I'm one of the folks behind BumbleBee, and probably its biggest fan since it's helped me so much with my own XQuery authoring.
Automated Testing, Vendor Selection, and Test-First Learning
Before we discuss the details of BumbleBee, let's put its role in context. Regular testing, especially automated testing, has proven essential to producing high-quality software. One can, of course, write XQuery code without testing, but that carries extra risk. Unlike GUI programs where buggy code usually produces obvious errors, a miswritten query can execute fine and produce results that appear correct, while in reality the results may be incomplete or slightly erroneous.
Using BumbleBee as your testing tool, you can craft automated tests to run your queries against fixed data sets and verify the results of the queries, so you can trust the results of production queries run against less controlled input. Then when you change your query or upgrade your XQuery engine, the automated tests let you perform a quick verification before deployment. What if a query bug escapes initial testing? Add a new BumbleBee test case to the test suite ensuring the bug never reappears.
To take an example from my own life, I teach a weeklong XQuery course. I've found it valuable to load all the course examples and homework into a BumbleBee test suite.
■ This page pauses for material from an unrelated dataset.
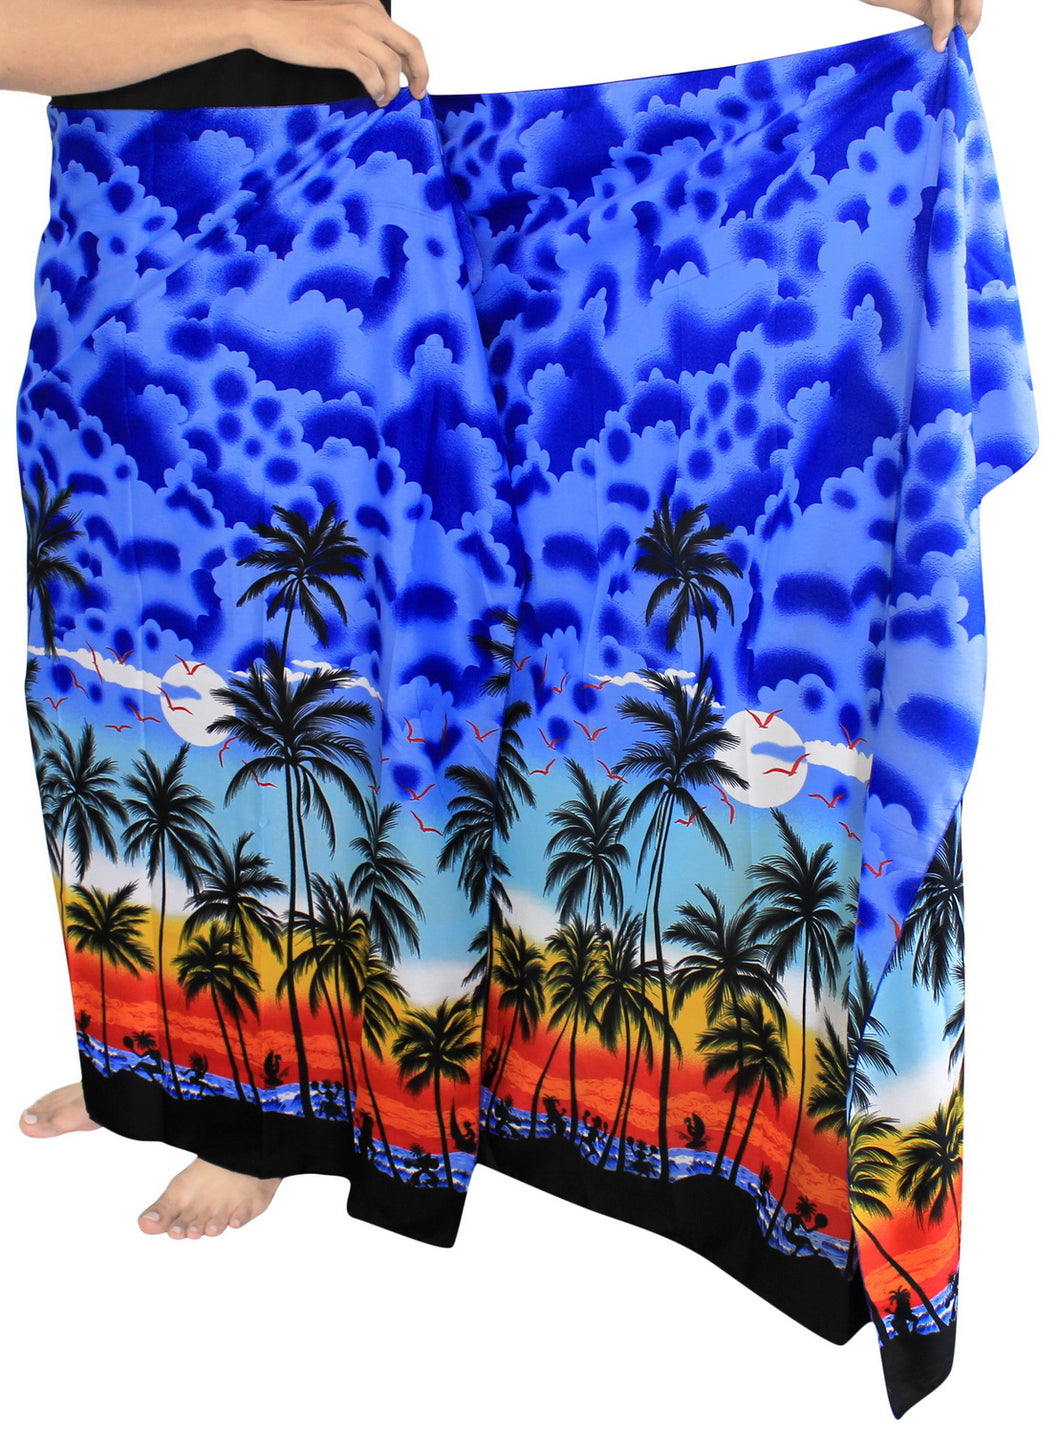 la-leela-men-sarong-soft-light-printed-swimsuit-pareo-towel-boys-72x42-royal-blue_3075

That way, before teaching the course, I can test everything against the specific XQuery engine we'll be using in the course. Any bugs pop out immediately with little effort. No longer must students act as guinea pigs.
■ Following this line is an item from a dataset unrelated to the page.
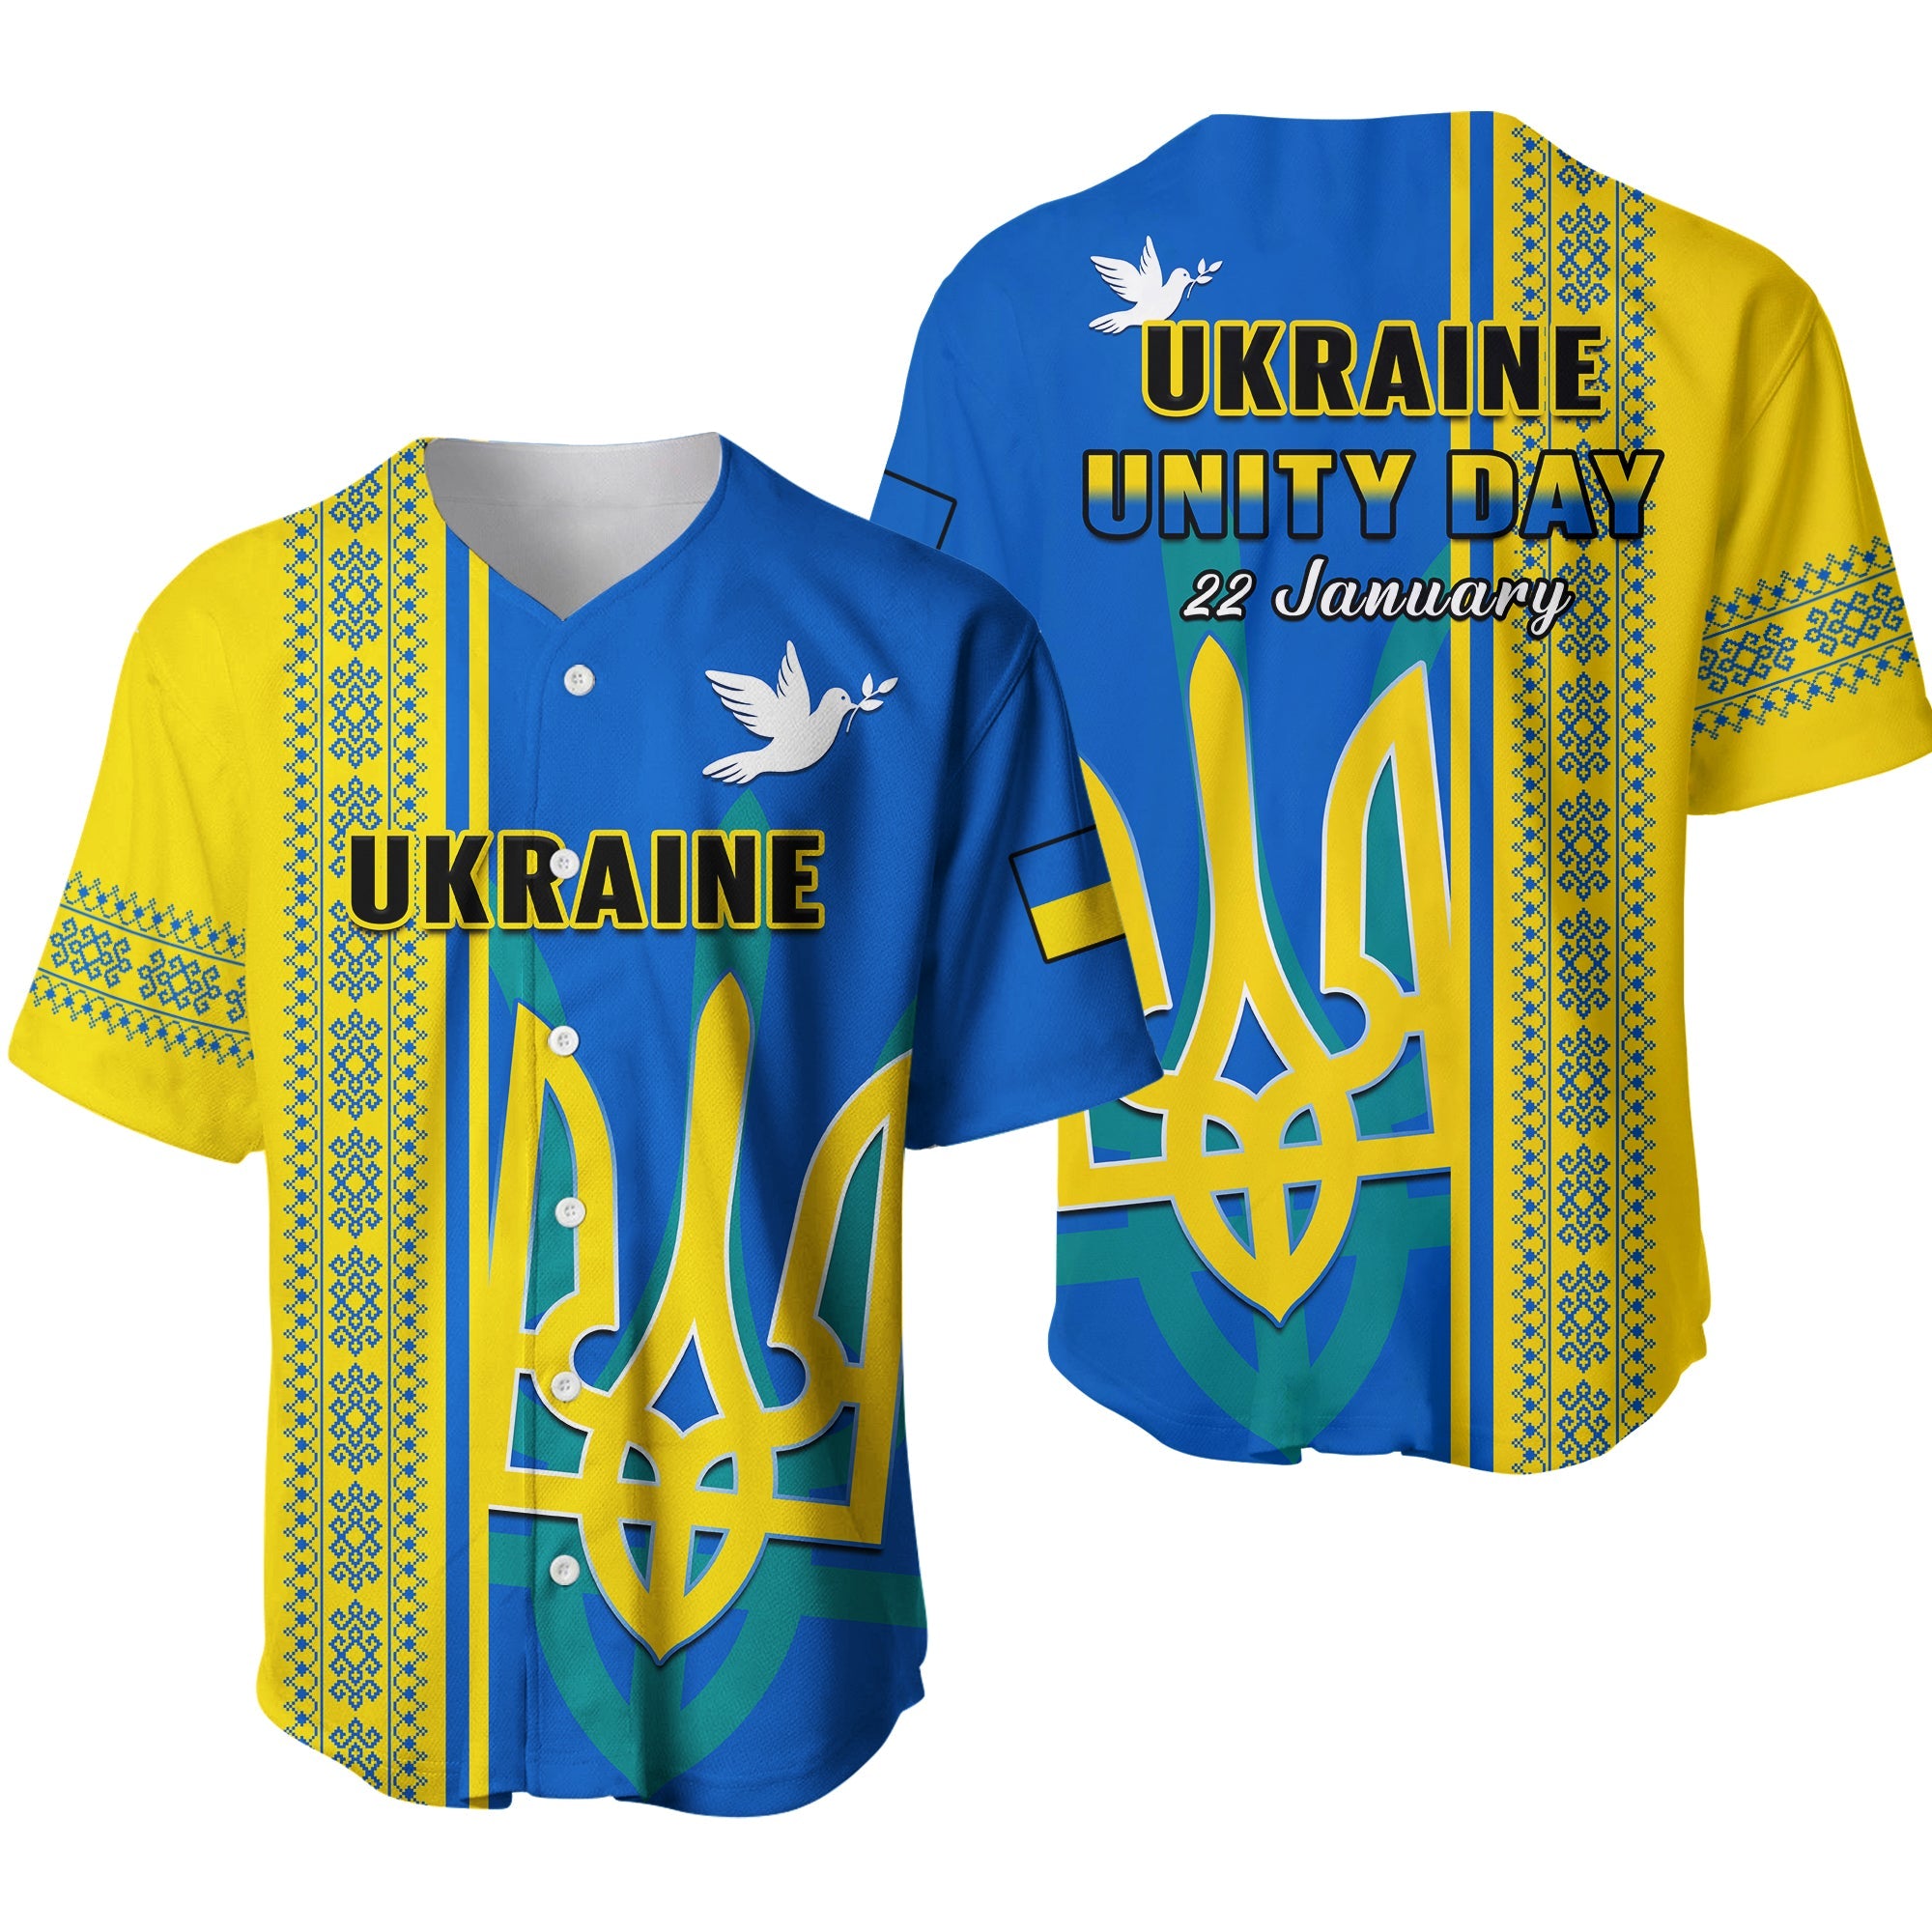 ukraine-unity-day-baseball-jersey-vyshyvanka-ukrainian-coat-of-arms-ver01

Testing can also help the process of selecting an XQuery vendor. BumbleBee includes a set of several hundred tests based on the W3C Use Cases and NIST conformance test suite. These tests can exercise an XQuery engine and quantify its conformance. You can also extend these tests with your own conformance tests to more exhaustively cover the specific areas of importance to you. Contributions from users are welcome into BumbleBee, so if you do this please consider turning them in for the use of others.
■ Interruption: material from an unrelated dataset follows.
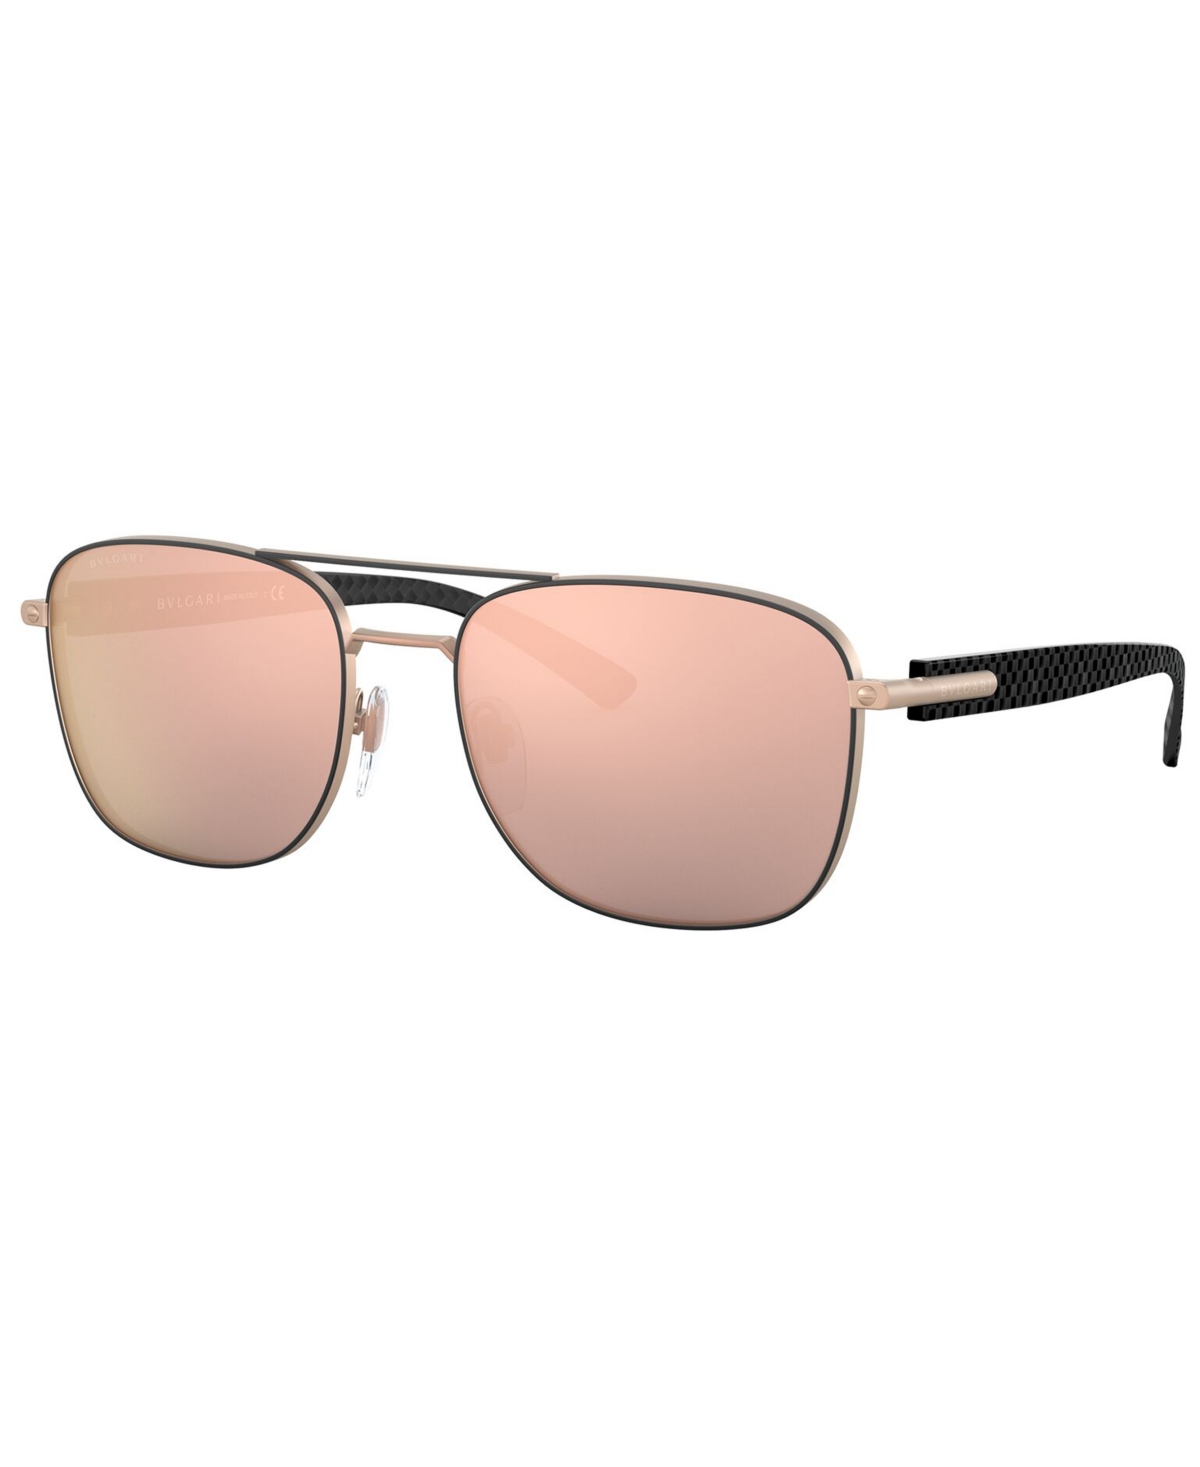 Bvlgari Men's Sunglasses In Matte Black,matte Pink Gold,grey Mirror

Some have also found BumbleBee useful in learning XQuery, employing it to support "test-first learning." In this mode of learning, you present yourself a challenge: "I want to take this input and produce this output." Then you work to code the query that produces the desired result. When you succeed, the test passes. Over time your suite of learning tests becomes a knowledge base you can draw from later when writing production code. As new XQuery specification versions come out, you can use the tests and test new failures to see if anything you learned is antiquated. This style of learning can also be useful by a teacher or course instructor to hand out and grade homework. Student grades are almost printed for you. You just judge code for style and take the afternoon off. If you're looking for new challenges, the XQuery.com Wiki has a Challenges area.
Using BumbleBee
Now that we understand the advantages of XQuery automated testing, let's put BumbleBee
to
work buzzing around some tests. BumbleBee executes from a command-line script
(bumblebee.bat
or bumblebee.sh
depending on platform). By
default, if you don't specify any command-line tests, BumbleBee runs a user configurable
default suite of tests. As each test is run, its name and pass or fail status is printed
to
the console. For example:
Passed -> Test (Vendor 1): Test 1 in 0.015 sec Failed! -> Test (Vendor 1): Test 2 Expected attribute value '1992' but was '1994' - comparing <book year="1992"...> at /BumbleBee_Result[1]/bib[1]/book[1]/@year to <book year="1994"...> at /BumbleBee_Result[1]/bib[1]/book[1]/@year
When all the tests have run to completion, you see a summary of test results printed to the console for each XQuery engine that was tested. For example:
Time: 39.598 seconds FAILURES!!! Vendor 1: Tests Run: 72, Failures: 22, Disabled: 0 (69.4% passed) Vendor 2: Tests Run: 72, Failures: 1, Disabled: 0 (98.6% passed) Total : Tests Run: 144, Failures: 23, Disabled: 0 (84% passed) (See log/bumblebee.log for failure details.)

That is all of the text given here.